Hi TijnOnlijn, did you ever tried the newer type Nova SD011 sensor ?

no, it does measure permanently and every 5 minutes it calculates the result of the measurements and it transmits. Low power is simply impossible with this kind of sensors because regardless any sleep modes on the controller you still need something to maintain an air flow. This could be a serious resistor that gets hot or a fan but whatever you choose it will consume a lot of power

edit: not sure what you’re aiming to measure, but few weeks ago I spoke with someone who tried to use the sharp dust sensor for smoke detection. If that is what you also try to achieve low power would be possible though, because of the high concentrations you don’t need much airflow. Besides that one works with analog readings so I guess you could figure something out with a threshold connected to an interrupt. For air quality measurements it seems to be less suitable though.
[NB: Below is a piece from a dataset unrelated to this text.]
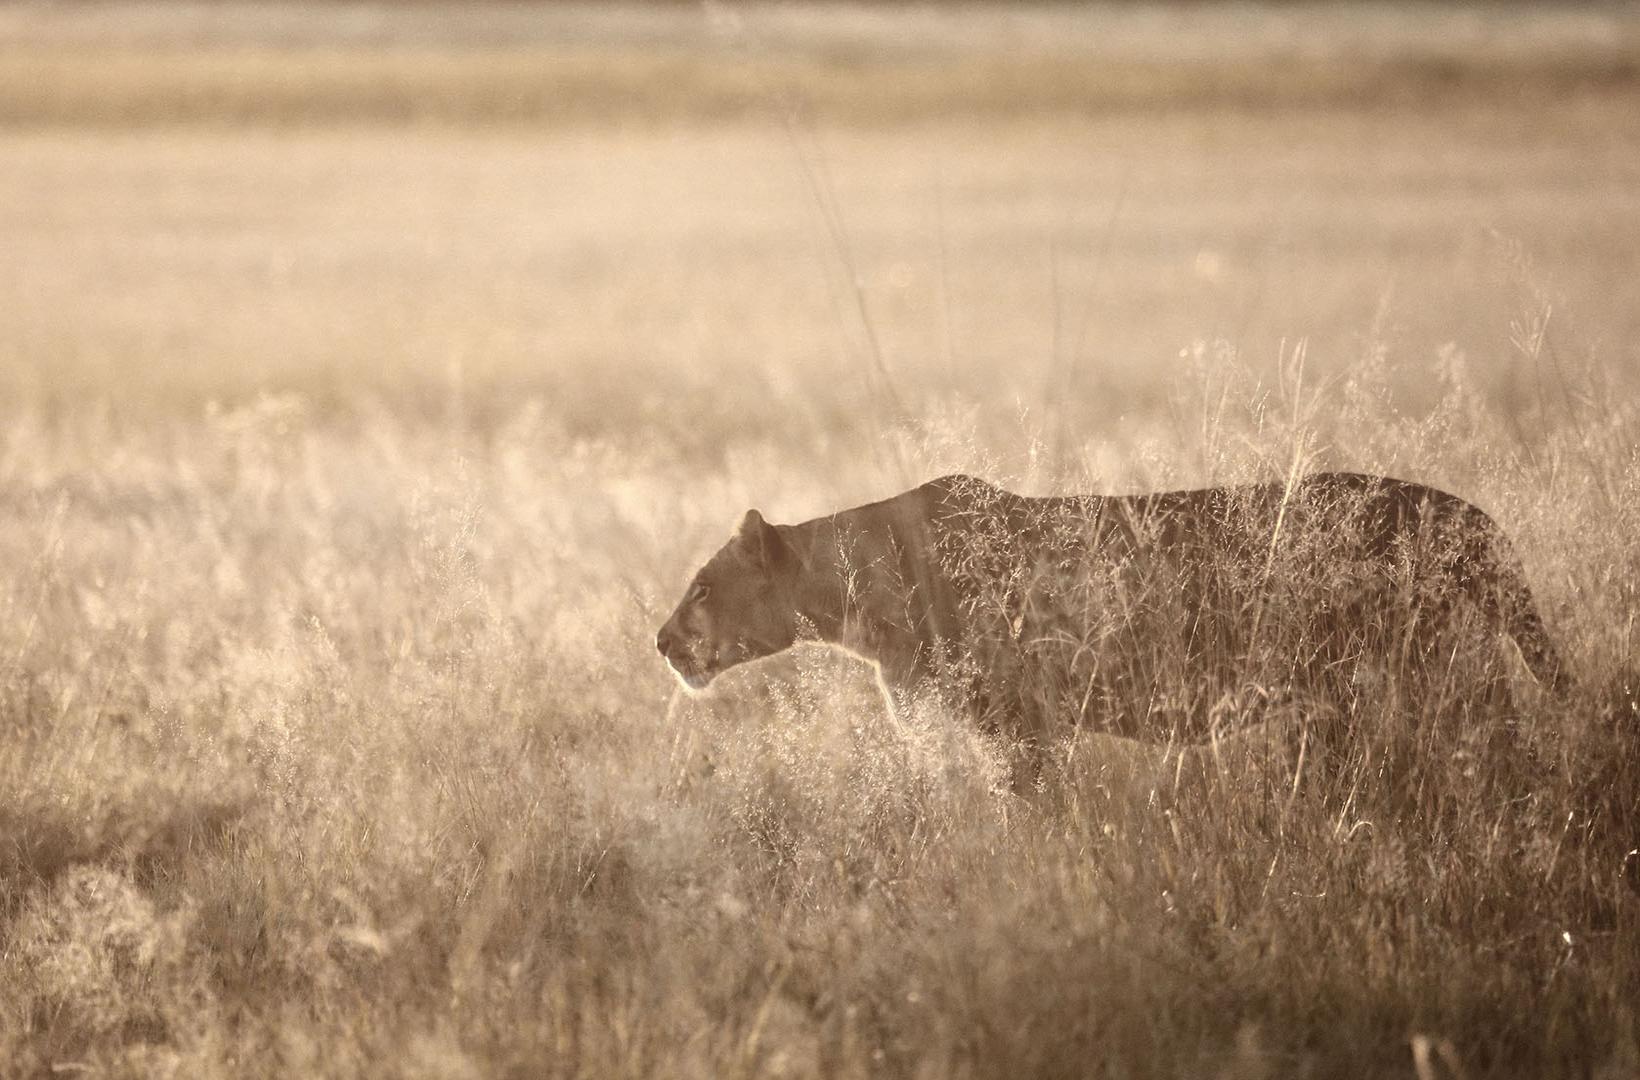 African lioness stalks through long grass at dusk at Khwai River Botswana

I didn’t but I believe it may be slightly better in particular on shorter time spans. Although a fan on a PPD42NS might fix this to a large extent. Still with this kind of experiments the technical implementation is not that hard; interpretation of the results is what makes life difficult. By sticking to the PPD42NS setup it stays compatible with the RIVM setup. This means it will take much of the load of interpretation of our shoulders since they’re the experts on this.

Thank you @TijnOnlijn i thought you used “TX_INTERVAL = 2000;” somewhere - that was my confusion about the timing. I want to build something similar you did, getting readings on pm2.5 and pm10, but the thing is that we don’t get power everywhere and if we get power we most likely have access to wifi too, so i can use a build with a esp8266 (like http://luftdaten.info/ does). So i would love to have a build (arduino pro mini based) lowpower enough to maybe get it solar powered to use it outside the city (i am from a very rural town with over 100 villages counting to our town).
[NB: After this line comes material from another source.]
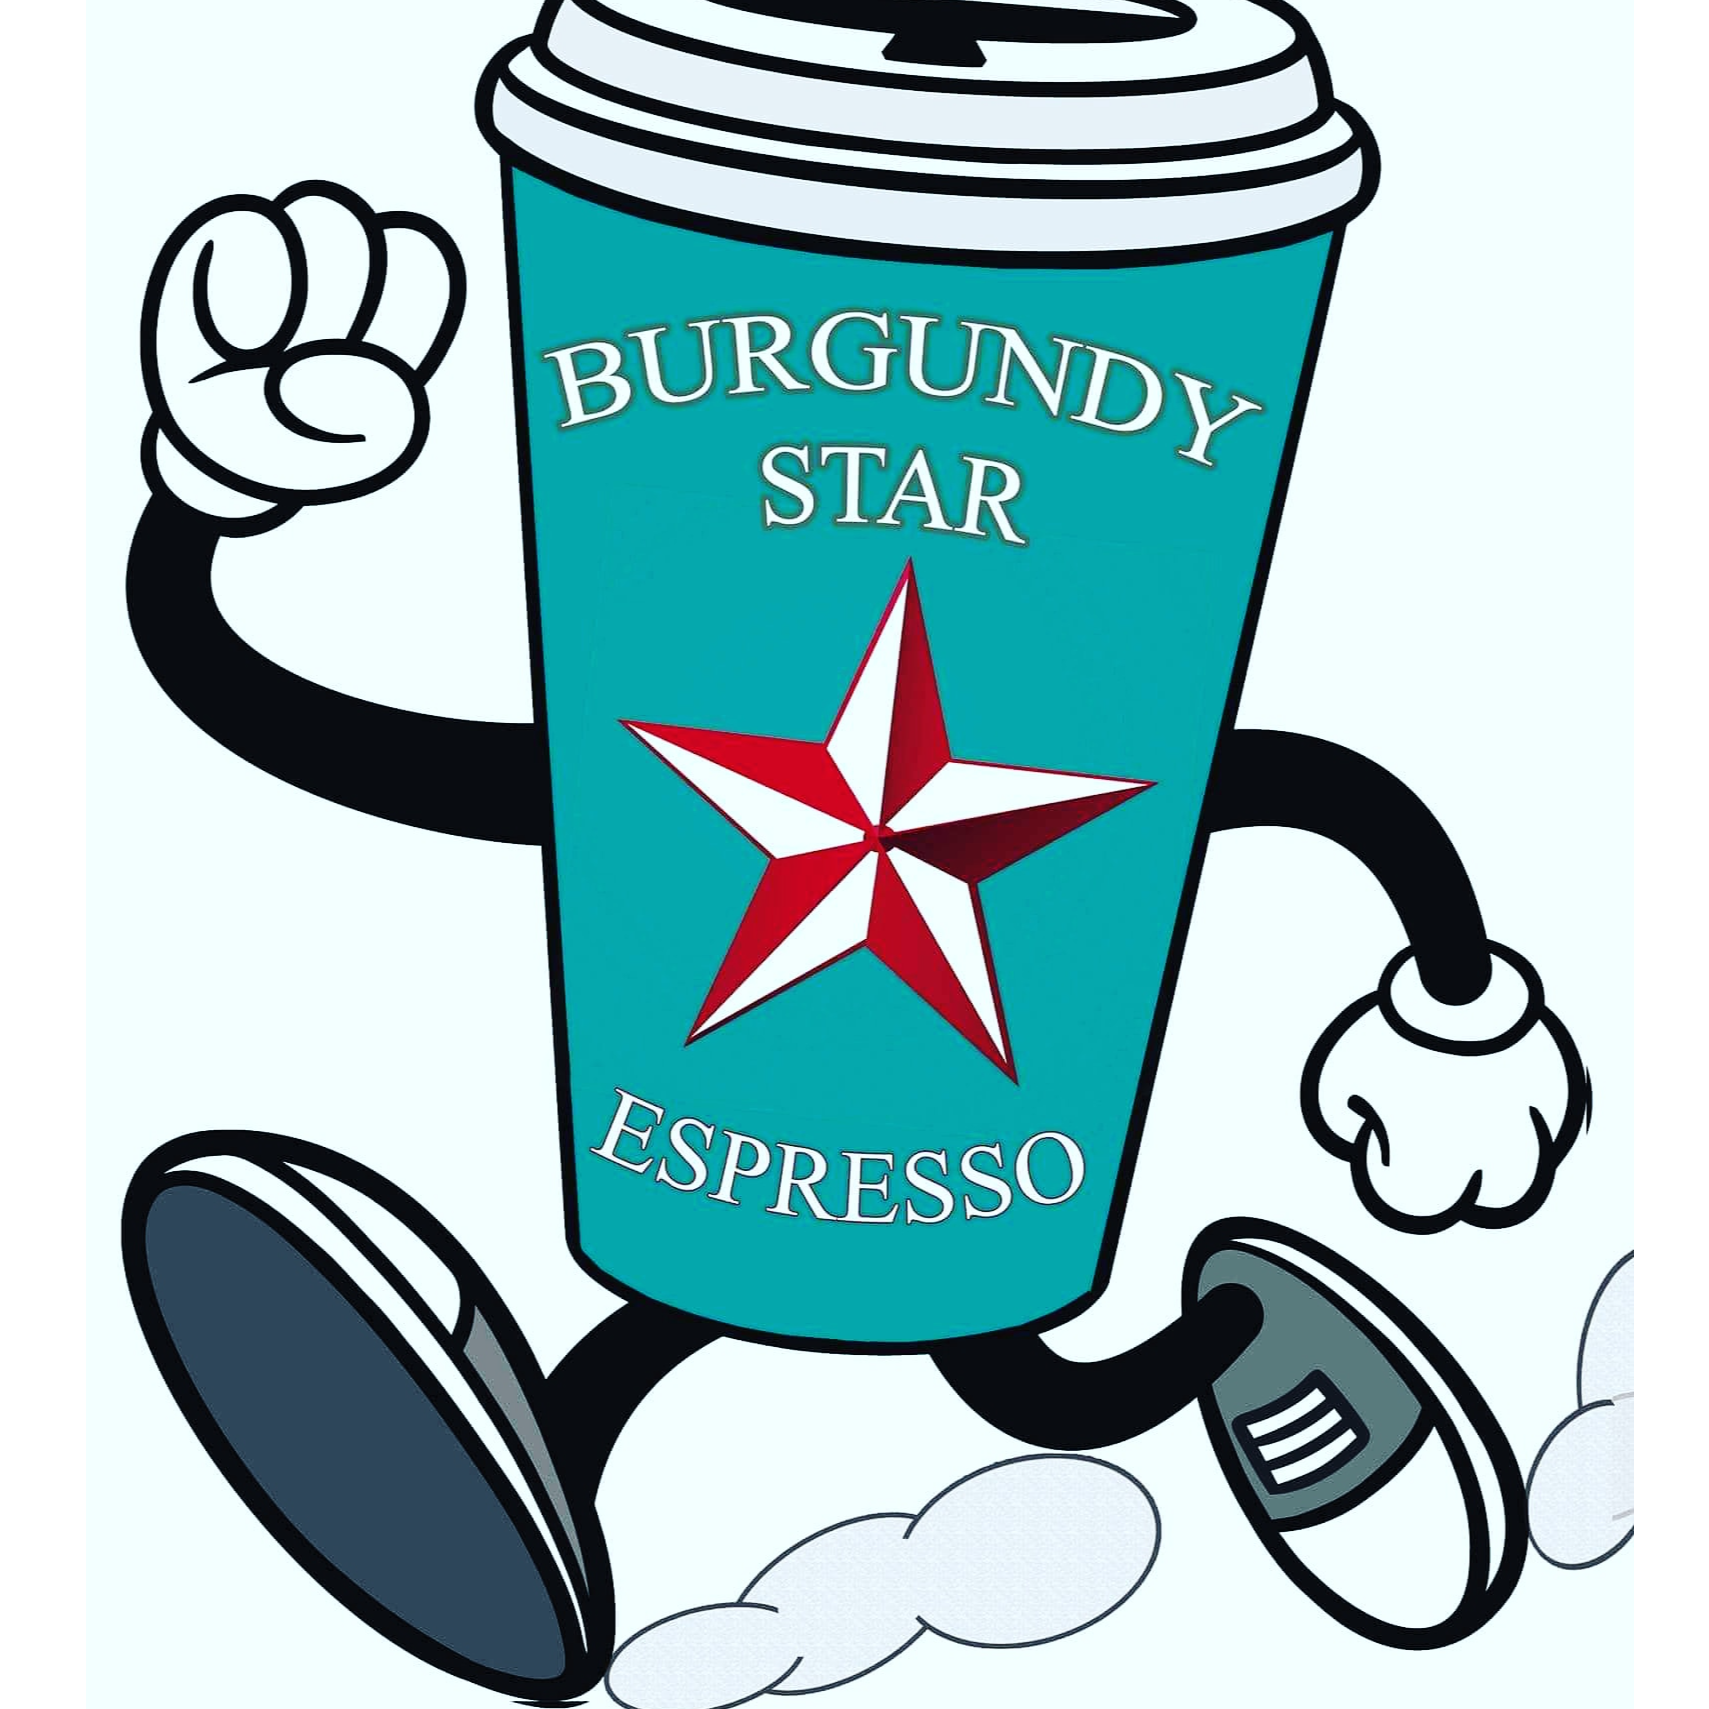 Burgundy Star Espresso logo

The PPD42NS is does measure PM2.5, but from what I’ve seen it doesn’t work that well because it would not be sensitive enough. The sharp sensor is said to be better on this, but then again that one doesn’t measure PM10. Perhaps just picking either PM2.5. or PM10 would be a good start.

I don’t understand your power issue though. It sounds counter intuitive that you do have WiFi access available but no power. Is there really no way to get power somewhere? With solar it’s easy to a certain extent… just get a solar panel that’s big enough. I didn’t measure it myself but I believe I read somewhere that the sensor itself draws about 90mA.

Thank you for the info about the sharp sensor!

About the power, what i wanted to say was, that if a location has a power supply i will have in 99% of the cases wifi there too (so i do not need lorawan), the spots without power are the ones where i will need lorawan, because those spots will not have wifi.